• SOURCE MATERIAL:
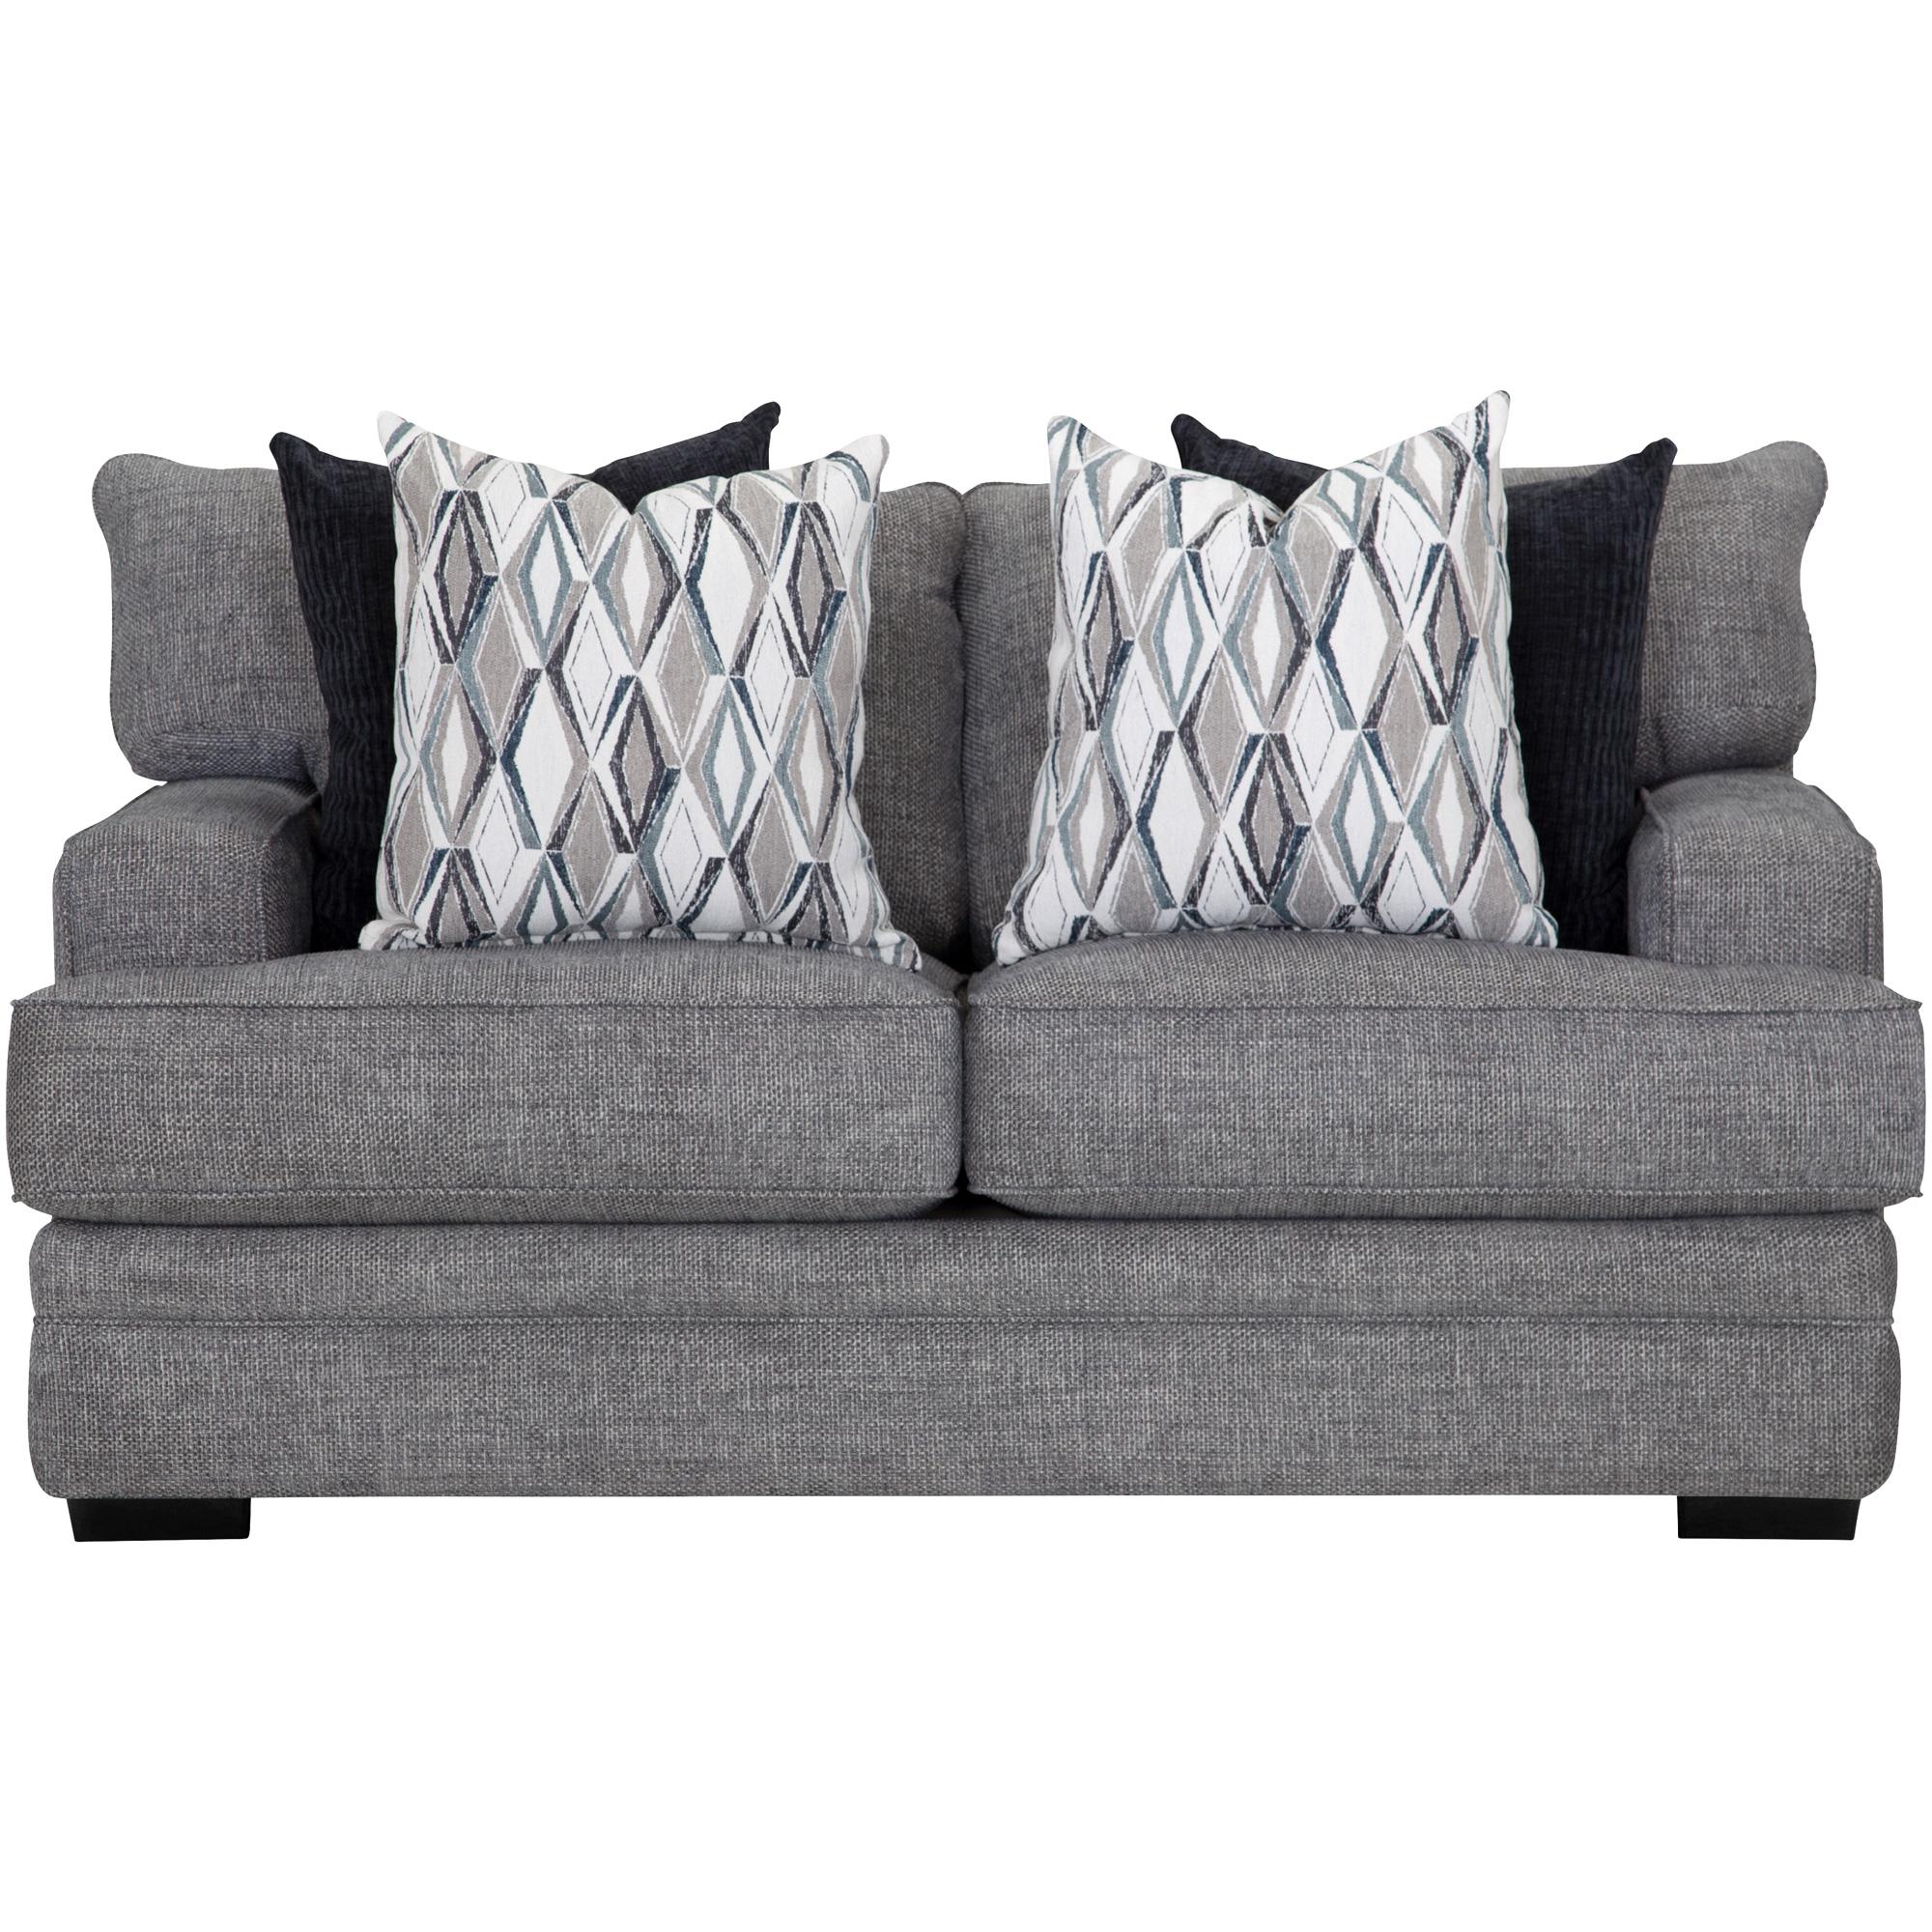 Franklin | Crowes Denim Loveseat Sofa
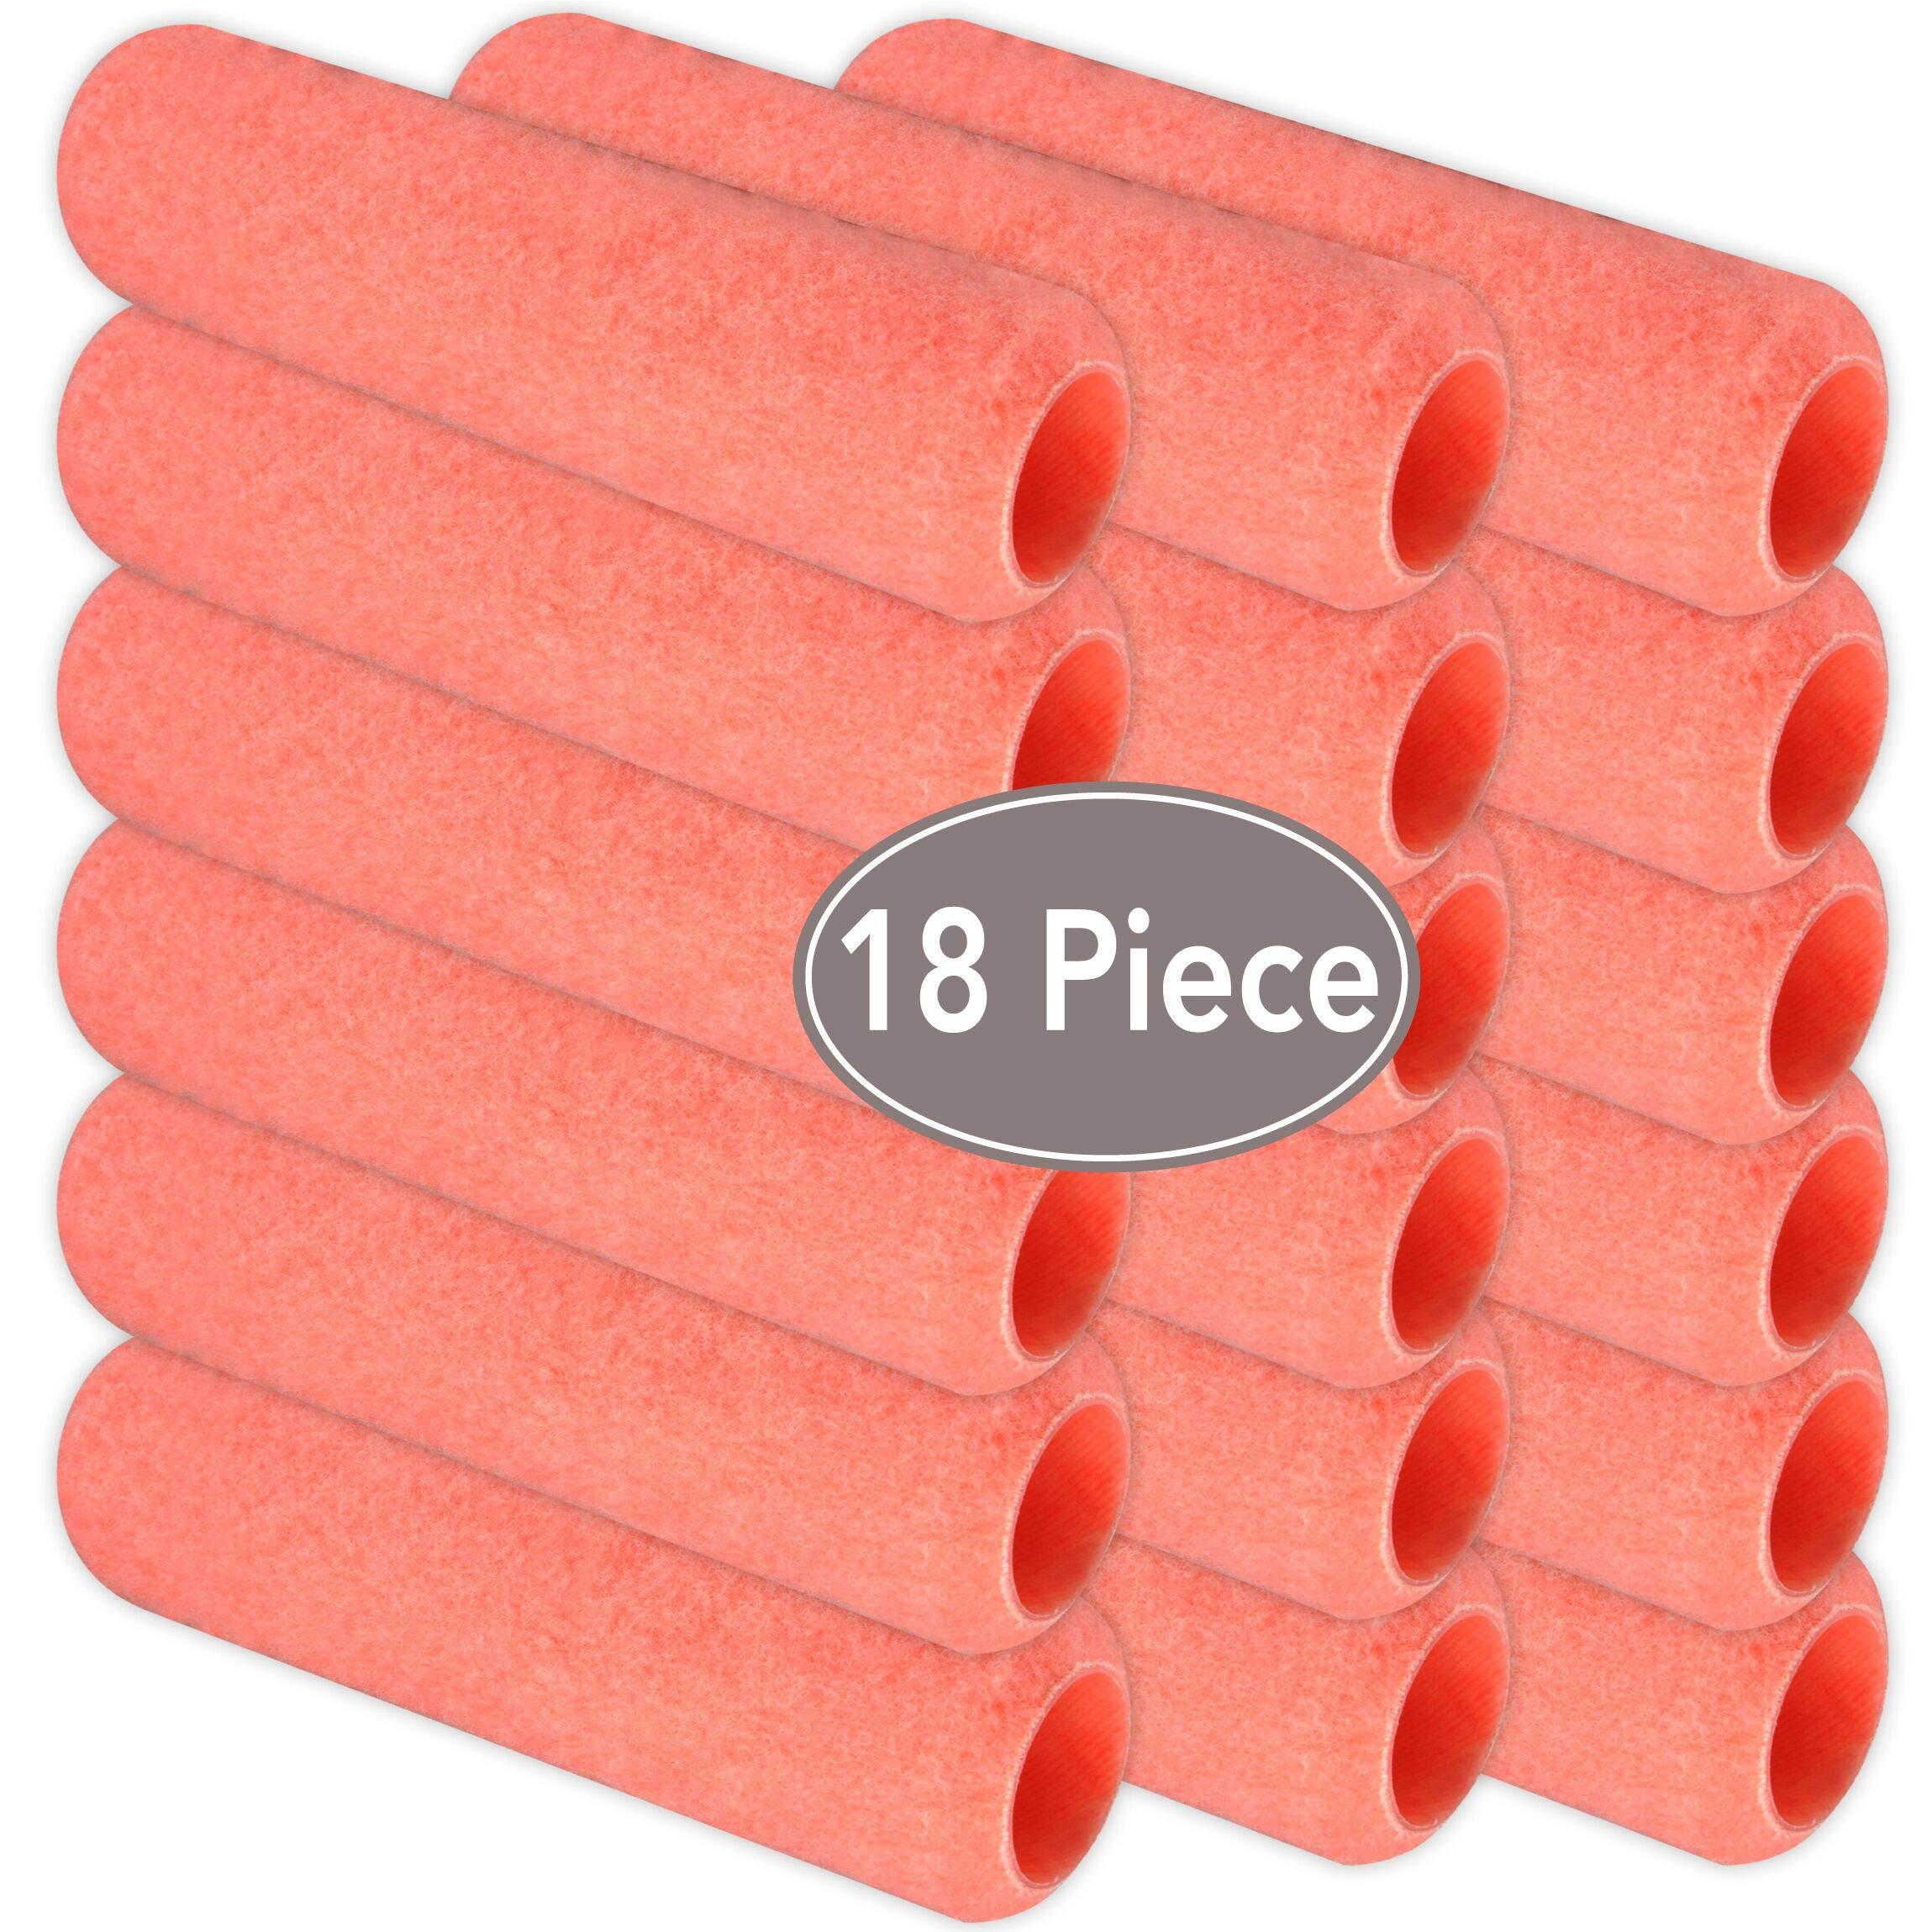 KINGORIGIN Brand 18 Piece,Paint Roller,Paint Rollers,Paint Roller Sets,Paint Roller Covers 9 inch,Paint Roller kit,Paint Tools,Home Repair Tools,Tools
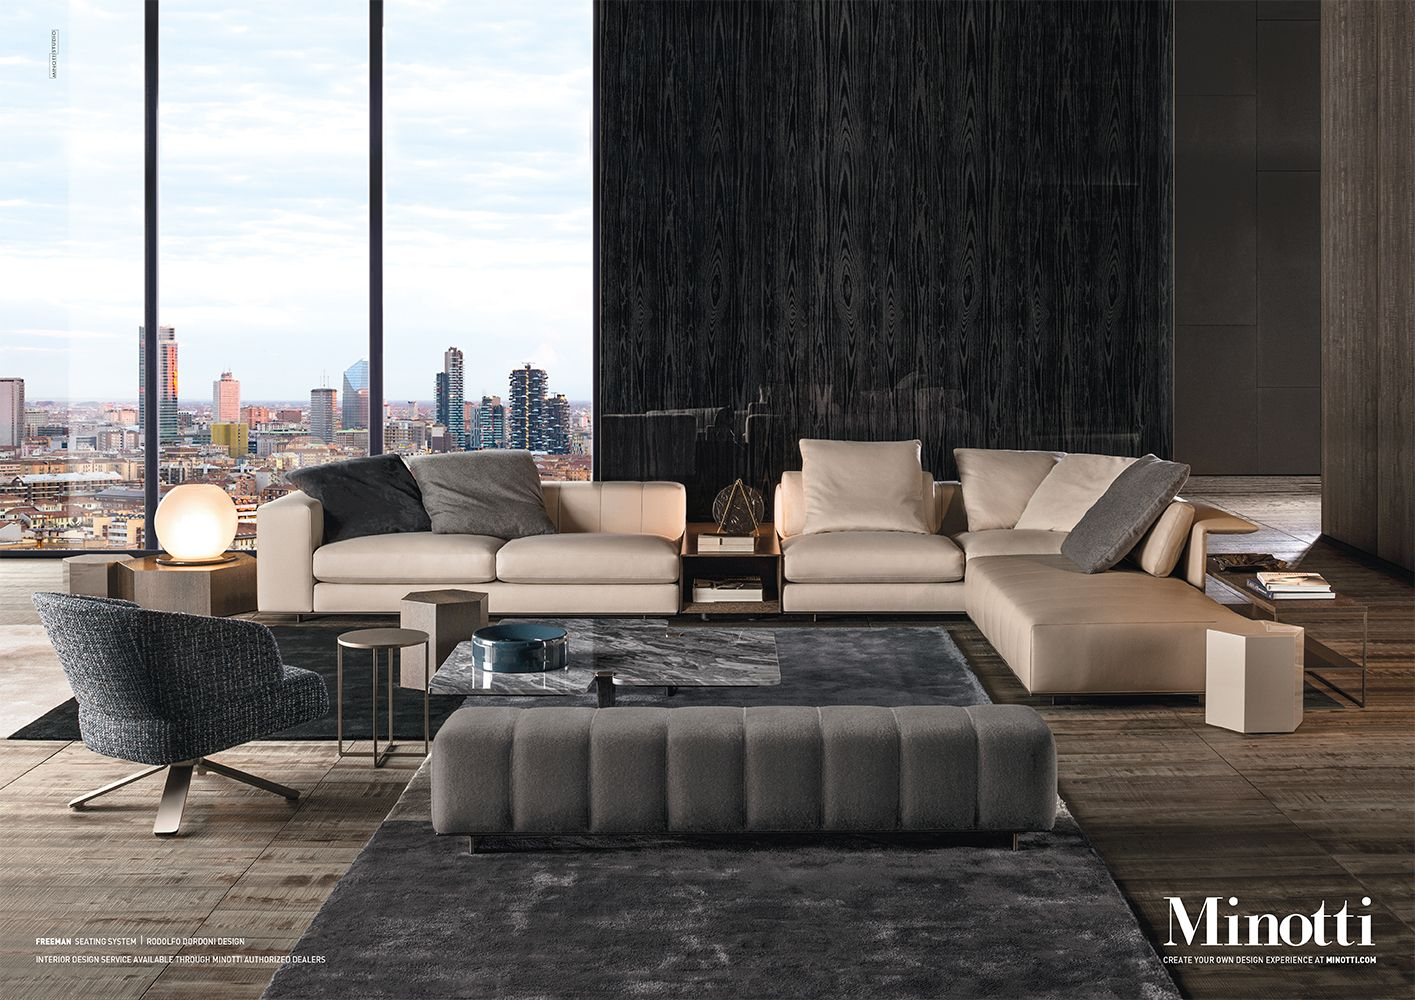 Delicieux Freeman Seating System, Rodolfo Dordoni Design #adv #freeman #sofau2026  Furniture Styles

• WORK TO BE COMPLETED:
Write the data out again exactly, but without its images.

• RESULT OF THIS TASK:
 Franklin | Crowes Denim Loveseat Sofa
 KINGORIGIN Brand 18 Piece,Paint Roller,Paint Rollers,Paint Roller Sets,Paint Roller Covers 9 inch,Paint Roller kit,Paint Tools,Home Repair Tools,Tools
 Delicieux Freeman Seating System, Rodolfo Dordoni Design #adv #freeman #sofau2026  Furniture Styles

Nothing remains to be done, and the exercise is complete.